Inositol 1,4,5-trisphosphate (IP3) receptors (IP3Rs) play a pivotal role in vertebrate intracellular signaling. They are a family of three very similar proteins that form tetrameric ion channels in endoplasmic reticulum (ER) membranes. For the last 15 years, I have been studying the molecular biology of IP3Rs and for the last 10 years or so, have been examining how they are degraded by the ubiquitin-proteasome pathway (UPP). During these studies, it became obvious that IP3Rs are degraded by the ERAD pathway (the facet of the UPP that accounts for the disposal of aberrant ER proteins) and that given their unique properties, IP3Rs might be particularly useful tools for identifying the proteins and mechanisms that mediate ERAD in mammalian cells. Thus, in the last grant cycle we sought to identify and characterize the proteins and mechanisms that mediate IP3R ERAD, and discovered that the ubiquitin conjugates that become attached to activated IP3Rs are unexpectedly complex, and that a completely novel, and very large (>1MDa) complex composed of two uncharacterized ER membrane proteins, termed SPFH1 and 2, mediates the ERAD of activated IP3Rs and participates in the degradation of model ERAD substrates. Interestingly, we have also very recently found that RNF170, an uncharacterized, putative ubiquitin ligase, interacts strongly with the SPFH1/2 complex. The current proposal is designed to extend this work. As in the past, the bulk of the work will be done with endogenous proteins in mammalian cells, ensuring that the results obtained closely mirror the physiological situation.

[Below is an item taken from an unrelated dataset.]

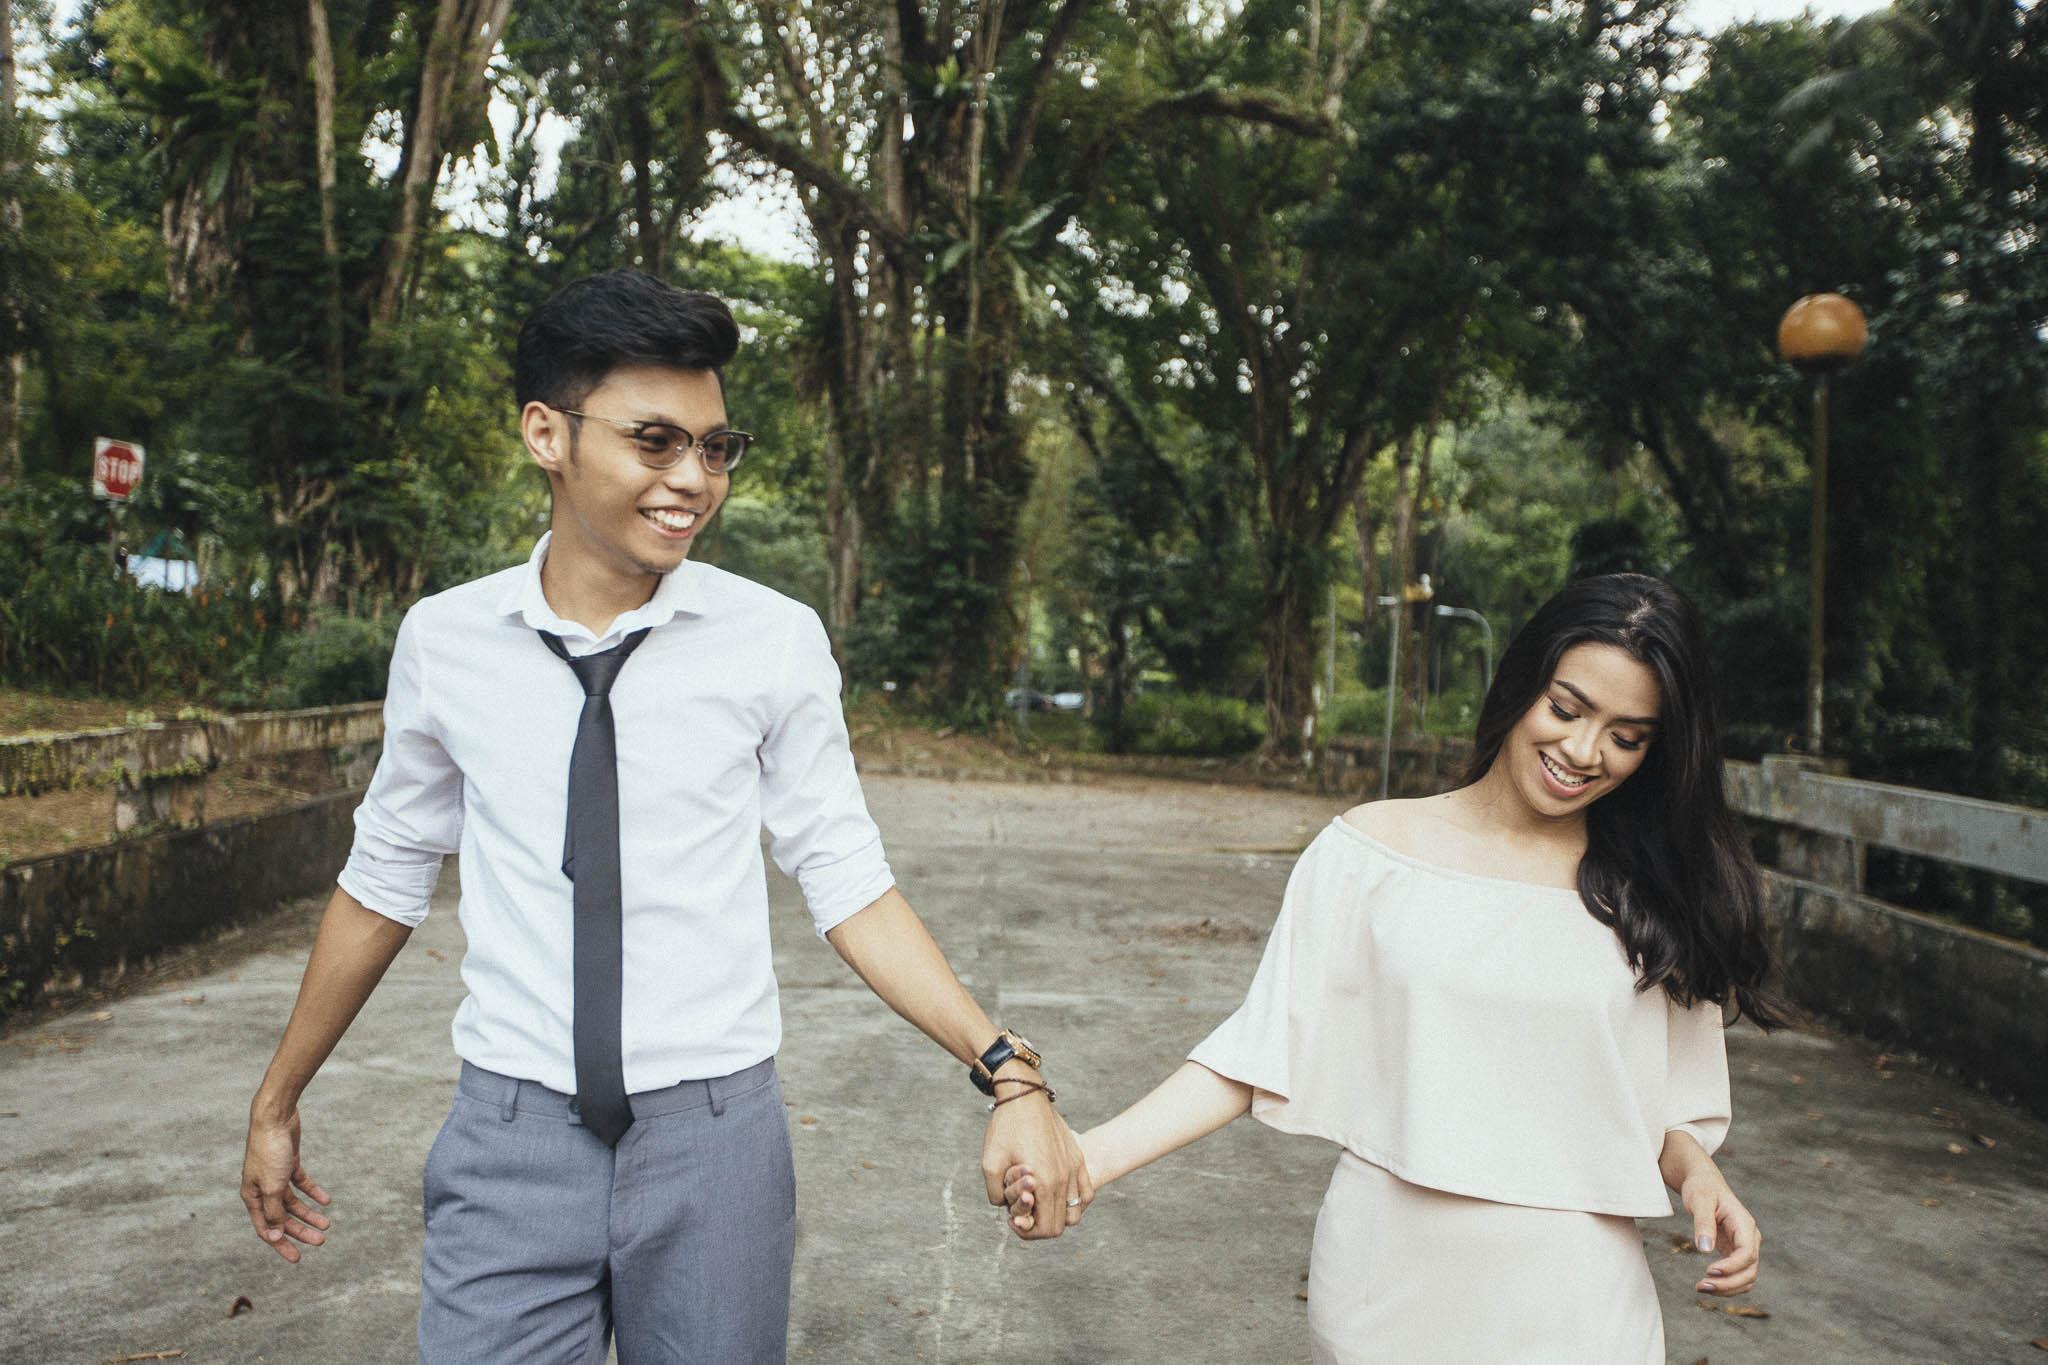 singapore-wedding-photographer-malay-travel-adli-tashah-12.jpg

The Specific Aims of the current proposal are to (i) identify and characterize the proteins that govern the levels of ubiquitin conjugates on activated IP3Rs, and (ii) investigate the structure and function of the SPFH1/2 complex. These goals are significant for three main reasons. First, the studies in Aim 1 on the fine details of IP3R ubiquitination, should help solve the recently revealed mystery of how and why UPP substrates are modified with diverse ubiquitin conjugates. Second, Aim 2 should generate a clearer understanding of the structure and function of the recently discovered, but poorly understood, SPFH1/2 complex. Third, our focus on endogenous proteins in mammalian cells means that the results obtained will accurately model the in vivo situation, and will provide information on the ERAD pathway under near- physiological conditions. Results from this work should have a significant impact on our understanding of both ERAD and the UPP in general, and will hopefully facilitate efforts aimed at developing drugs targeting these pathways.
The degradation of proteins via the proteasome, which is governed by another protein called ubiquitin, is a fundamental cellular process that controls the levels of many key proteins, and has enormous potential as a therapeutic target in diseases such as cystic fibrosis, neuropathies, diabetes and cancer. The studies I propose will investigate in mammalian cells some of the mechanisms that underpin this process with the aim of obtaining a clearer understanding of this area.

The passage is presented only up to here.